In Malone, while the Court‘s majority planted its decision, as do we in this case of Vulcan, squarely upon the 1951 amendments which were construed to authorize payment of unemployment compensation benefits during a vacation period to employees whose weekly vacation pay was less in amount than their weekly benefit rate under the act, instead of expressly overruling Dach, its facts were purportedly distinguished and, thus, it was held not controlling of decision in Malone. The fact differences between Dach and Malone are not significant to the rationale of the decision made in Dach, as clearly demonstrated by Mr. Justice CARR‘S dissent in Malone; nor are they significant to the rationale of decision in Malone, that decision, like the present one, having been made, as Judge Thomas Murphy perceptively observed, on the basis of the 1951 amendments. Accordingly, Dach should have been expressly overruled in Malone rather than distinguished on its facts. We correct that error now. Dach is overruled.

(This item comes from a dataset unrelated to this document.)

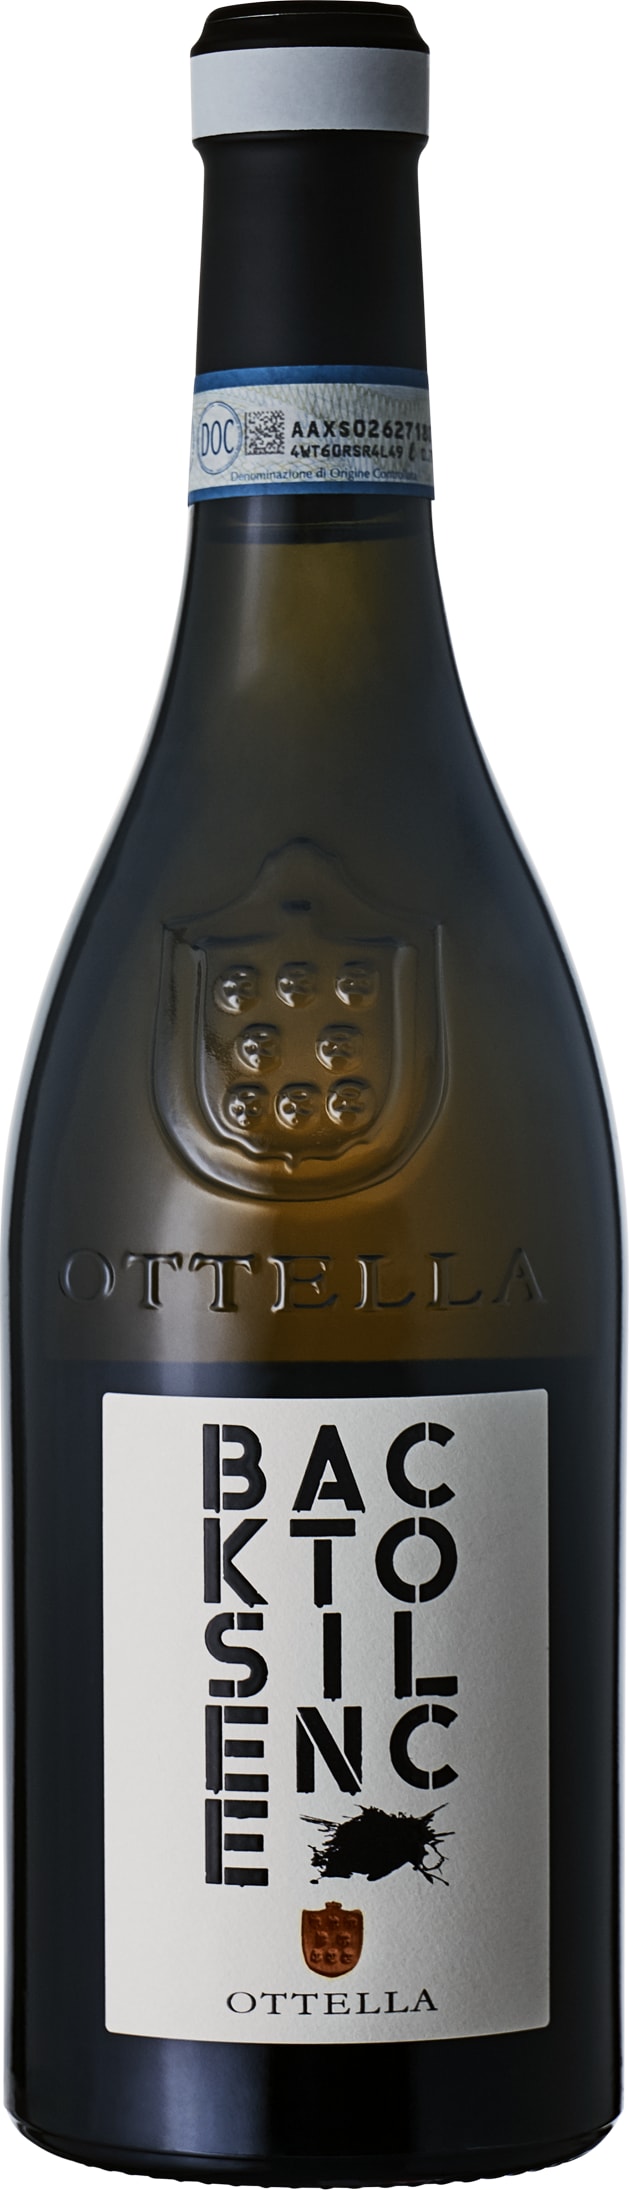 Azienda Agricola Ottella Back To Silence Orange Wine, Lugana 2022 75cl - Buy Azienda Agricola Ottella Wines from GREAT WINES DIRECT wine shop

Affirmed. Costs may be taxed.
T. M. KAVANAGH, C. J., and BLACK and SMITH, JJ., concurred with SOURIS, J.
O‘HARA, J. (dissenting). I do not agree that Dach¹ has been overruled by implication, nor that it should be overruled expressly. It should control here. Malone² was correctly distinguished from Dach in the Malone opinion.
In disposition hereof I would, as to all claimants but Sineveck, vacate the order of the circuit judge and affirm the decision of the appeal board for I agree with its finding that the vacation period which extended into September was not within the contract designated time. Hence for that period the claimants, if otherwise eligible, were entitled to benefits.
As to claimant Sineveck, I would vacate the decisions of the circuit court, the appeal board, the referee and the determination and redetermination of the commission, for under Dach since his whole vacation time was within the contract designated period, he is entitled to no benefits.
The cause should be reversed and remanded to the circuit court with directions to enter orders consonant herewith. No costs, a public question.
DETHMERS and KELLY, JJ., concurred with O‘HARA, J.
ADAMS, J., took no part in the decision of this case.
Notes
* Since claimants were entitled to unemployment compensation benefits by the express provisions of section 48 of the act, they could not by any agreement waive their right to such benefits:
“No agreement by an individual to waive, release, or commute his rights to benefits or any other rights under this act from an employer shall be valid.”